Table 3 Top 20 highest* and lowest* mean CLR OTU for the overall cohort and by age categories, and their linear correlation with age

Linear correlations (Table 3) among the 20 most abundant bacteria ranged from r = − 0.18 to r = 0.10, with 11 (55%) of the correlations achieving statistical significance (uncorrected P < 0.05; bolded). After Bonferroni correction, only 1 (9%) of these remained statistically significant (S. sanguinis, r = − 0.18; corrected P < 0.001). Among the 20 least abundant bacteria, linear correlations ranged from − 0.10 to 0.11. Four (20%) correlations achieved statistical significance (uncorrected P < 0.05; bolded), of which 1 (25%) remained significant after Bonferonni correction (Streptococcus sobrinus, r = 0.11; corrected P < 0.001).

Differences in mean CLR across age categories achieved statistical significance (P < 0.05) for 8 (40%) of the 20 most abundant bacteria, of which only 1 (12.5%) remained significant following Bonferroni correction (S. sanguinis, corrected P < 0.001). Mean CLR differences across age categories among the least abundant bacteria were significant (P < 0.05) for two bacteria, neither of which remained significant after Bonferroni correction.

Table 4 presents the rank ordered mean CLR OTUs for all 267 taxa identified, as well as their linear correlations with age, culture status and Socransky classification. A total of 148 (55.4%) taxa had names previously annotated in the HOMD database, whereas 60 (22.5%) were unnamed and are OTUs potentially identifying new bacteria. In the overall cohort, 117 (43.8%) taxa demonstrated elevated abundance (CLR > 0), the remaining 150 (57.3%) demonstrating reduced abundance (CLR < 0), relative to the overall composition mean. Twenty eight (10.5%) taxa that demonstrated a 8-fold (i.e., 23) or greater elevation in abundance based on mean CLR OTUs. There were 15 (5.6%) taxa with a 8-fold lower abundance relative to the overall composition mean. Of the virulent periodontal pathogens included in Socransky’s classification, [34] only T. forsythia (mean CLR, 1.87) and F. nucleatum (mean CLR, 6.4) had an elevated abundance, whereas T. denticola (mean CLR, − 0.28), P. gingivalis (mean CLR, − 0.56), P. intermedia (mean CLR, − 1.36) were, on average, in lower abundance. Several bacteria associated with healthy periodontium were in higher abundance: S. oralis (mean CLR, 5.5), sanguinis (mean CLR, 3.4), gordonii (mean CLR, 2.8), and intermedius (mean CLR, 2.6); P. micra (mean CLR, 3.0).

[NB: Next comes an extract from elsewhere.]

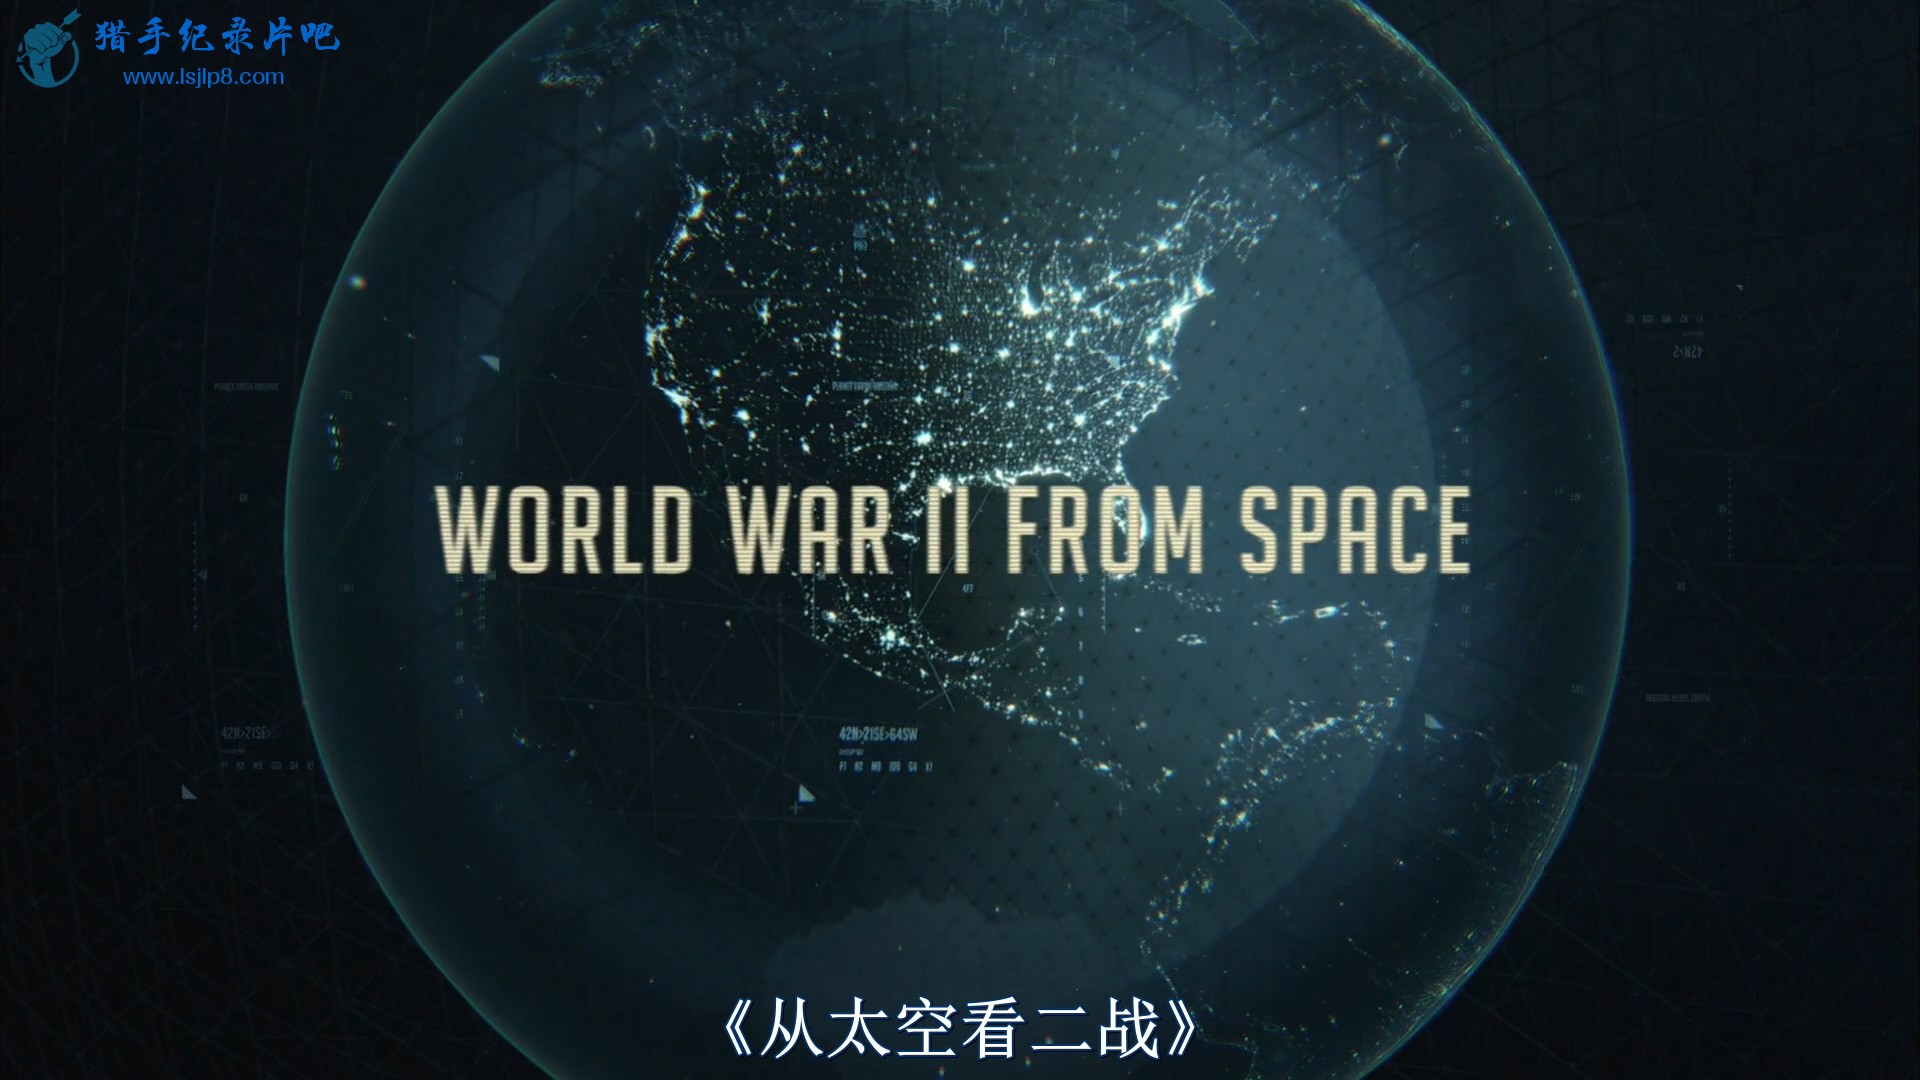 WWII.From.Space.2012.1080p.BluRay.x264-BiQ.mkv_20200315_093849.055.jpg

Table 4 Mean CLR OTUs for each of 267 bacterial species in the overall cohort and by age categories, and its linear correlation with age

Among all 1219 women (Table 4), Pearson correlations ranged from r = − 0.18 to r = 0.18. Eighty two (31%) taxa were significantly correlated with age (uncorrected P < 0.05; bolded), of which 28 (34.2%) remained significant after Bonferroni correction. The largest positive correlation was with Oribacterium sp._oral_taxon 078 (r = 0.18; corrected P < 0.001); the most negative correlation was with Strep. sanguinis (r = − 0.18; corrected P < .001). Correlations between established pathogenic bacteria from Socransky’s complex [34] and age were of weak (T. denticola, r = − 0.04; P. gingivalis, r = 0.03; F. nucleatum, r = 0.03) to moderate (Fusobacterium nucleatum polymorphum, r = − 0.10; T. forsythia, r = 0.10) magnitude. Bacteria associated with healthy periodontium were correlated with age on a similar (S. oralis, r = − 0.10; intermedius r = − 0.10; mutans, r = 0.10) or somewhat stronger (S. sanguinis, r = − 0.16) magnitude.

Ninety (33.7%) bacteria were observed to be significantly different across age categories (uncorrected P < 0.05; bolded in Table 4), of which 12 (13.3%) remained significant after Bonferroni correction (corrected P < 0.05). Fig. 5 presents box-and-whisker plots depicting the variability of CLR OTUs for the 12 bacteria that were significantly different across age groups (corrected P < 0.001). Of these 12 bacteria, 7 were significantly higher in older than younger women; whilst the remaining 5 were higher in the younger women. Bifidobacterium dentium showed the greatest difference (0.73 CLR OTU units) between age groups among the bacteria observed to be higher in older women, whereas S. sanguinis showed the largest difference (1.19 CLR OTU units) between age groups for bacteria higher in younger women.

Fig. 5
figure 5

Box plots of mean CLR OTUs that differed between age categories (corrected P < 0.05). Box reflects the 25th, 50th, and 75th percentile CLR OTU; whiskers reflect the range of CLR OTU

Tables 5 and 6 present additional measures used in previous studies to characterize the oral microbiome. Relative abundance for the overall cohort and according to age categories is shown in Table 5, ranked high to low, with dashed lines denoting the top 20 taxa. V. dispar demonstrated the highest relative abundance (mean, 8.9%), and the remaining bacterial order is quite similar to the top 20 when ordered according to CLR mean OTU (Table 2). Patterns of relative abundance across age categories also were generally comparable to those observed for CLR mean OTUs. Bacterial prevalence (present at any abundance) is shown in Table 6, for which a slightly different ordering is noted for the top 20 most prevalent bacteria compared to those ordered on CLR OTU or relative abundance. There were 12 (4.5%) bacteria prevalent at 99% or higher and 3 (1.1%) present in all samples (S. oralis, V. dispar and parvula). Differences in prevalence across age categories were modest. Among all women, prevalence of established pathogenic bacteria in Socransky’s complex was 86.8, 82.9 56.6, and 55.1% for F. nucleatum, T. forsythia, T. denticola, and P. gingivalis, respectively. Prevalence of T. forsythia did not vary consistently with age, whereas prevalence of F. nucleatum and T. denticola tended to decline with age and P. gingivalis tended to increase with age.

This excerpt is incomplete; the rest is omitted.